И, возжаждав утешения, я страстно захотел и коту дать утешение, и молчал беспомощно, и стоял на хрупкой, как линия Мажино, границе нелепости. Ведь абсолютной нелепостью было бы объяснять этому даже столь трагически заклейменному историей коту, что он теперь в Польше, нелепостью было бы рассказывать ему про Польшу, нелепостью было бы утешать его Польшей. Коту не Польша нужна, а whiskas. Кот, ты прибыл в Польшу, — если бы я сказал так, — кот, ты прибыл в страну реформ, в страну, которая освободилась от московского ярма, видишь, mon cher chat, ты сейчас в краях, где родилось самое прекрасное со времен Спартака общественное движение, — если бы я сказал так, то даже если бы в построенном таким образом монологе я затронул суть вещей, то все равно, кот, я знаю, что тебе не Польша независимая нужна, а whiskas, по поводу чего, однако, не могу не заметить, что whiskas доступен в магазинах именно благодаря независимости Польши, но даже если бы я этот интересный парадокс отметил (whiskas независимый и whiskas западный) и даже если бы мне удалось во всем высказываниях сохранить стилистическое равновесие, то ведь осрамился бы я и выставил себя на посмешище. Кот как литературный персонаж — ради бога, но кот как медиум, как адресат публицистических метафор — решение неудачное, ложный путь, художественное фиаско.
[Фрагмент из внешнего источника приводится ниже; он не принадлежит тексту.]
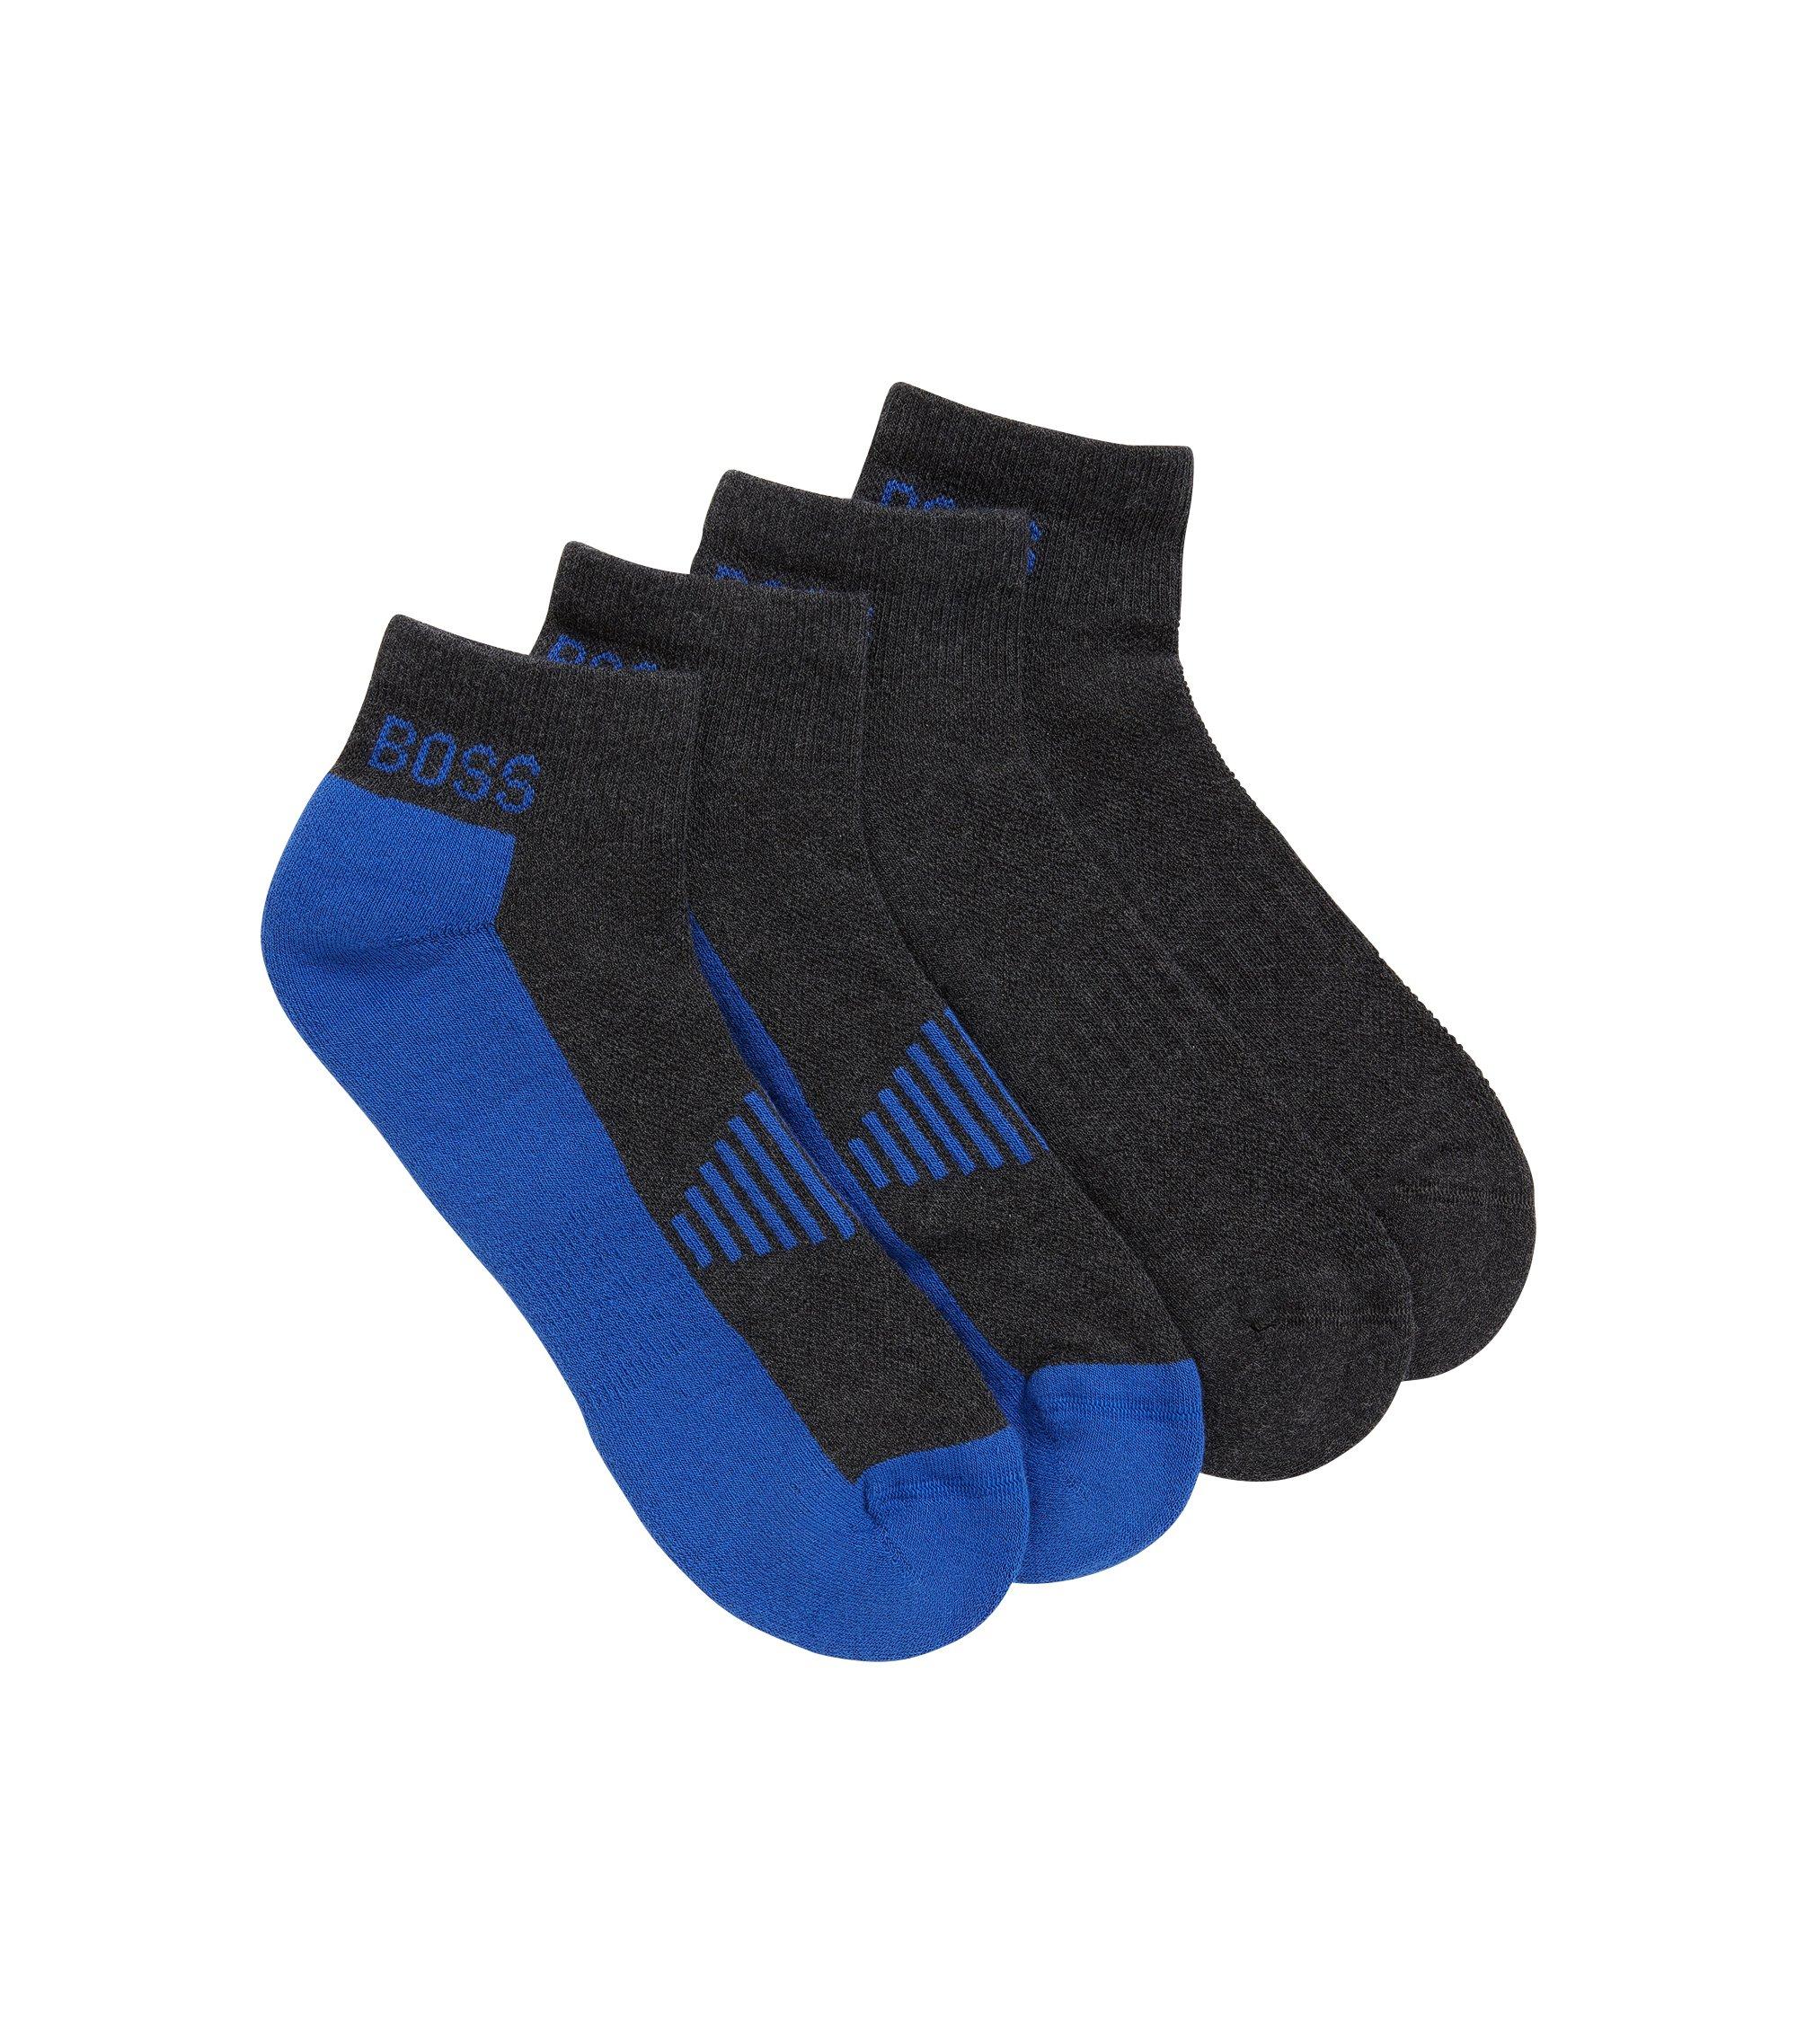 Knöchelhohe Socken aus Baumwoll-Piqué mit Polsterung im Zweier-Pack, Anthrazit

И тогда я уразумел, что ничего не нужно коту говорить, он и так все слышит. Сидит во всем своем небывалом изяществе посреди комнаты и напрягает уши, бархатные, как обивка кресел в Версале. Сидит и слушает. Каждый шорох слышит, капли дождя, стучащие о парапет, скрип двери, шаги на ступеньках, грохот трамвая, едущего из Домбья, чей-то голос за стеной. Слушает, и есть в нем хорошо мне знакомая паническая реакция слуха, которая заставляет вскочить на ноги при звуке внезапно трогающегося лифта или велит оцепенеть при дребезжании неожиданного звонка. Кот слушает комнату, слушает дом и слушает город. Дождь перестал, слышно шуршание шин, вращающихся на мокром асфальте, кот слышит хлопки складываемых зонтов, слышит разговор двух медсестер, идущих по улице Коперника, слышит колокола, звонящие на день Ангела Господня, слышит музыкантов, раскладывающих ноты на Славковской, слышит шум воды, летящей по замурованным водопроводам. Город курится, как гора Арарат. Кот слышит музыку, как если бы сидел на моем плече. Улицы сейчас словно большие концертные залы, и я иду напрямик через поля музыки. На Сенной петербургские оркестранты играют увертюру к «Вильгельму Теллю», в конце Гродской трио в болоньевых куртках (кларнет, альт, аккордеон) играет Kegelstatt Моцарта, кот слышит доносящееся с Висльной «Адажио» из концерта для гобоя Альбинони, музыканты Львовской филармонии, а может, всего лишь пара учителей музыки из Киева (флейта и аккордеон) играют на Шпитальной сонату для флейты и клавесина соль минор Иоганна Себастьяна Баха, а откуда доносится «Ариодант» Генделя? А кто играет сейчас Лакателли, Корелли, Зеленку? Кот знает. Я иду по переполненному чужеземными музыкантами Кракову, чужеземный кот их слушает, флейта, гобой, скрипка, кларнет, виолончель, все уличные инструменты играют. Я иду и изумляюсь ничтожности ожиданий, предъявляемых мне музыкой, совершенной, как кошачий череп.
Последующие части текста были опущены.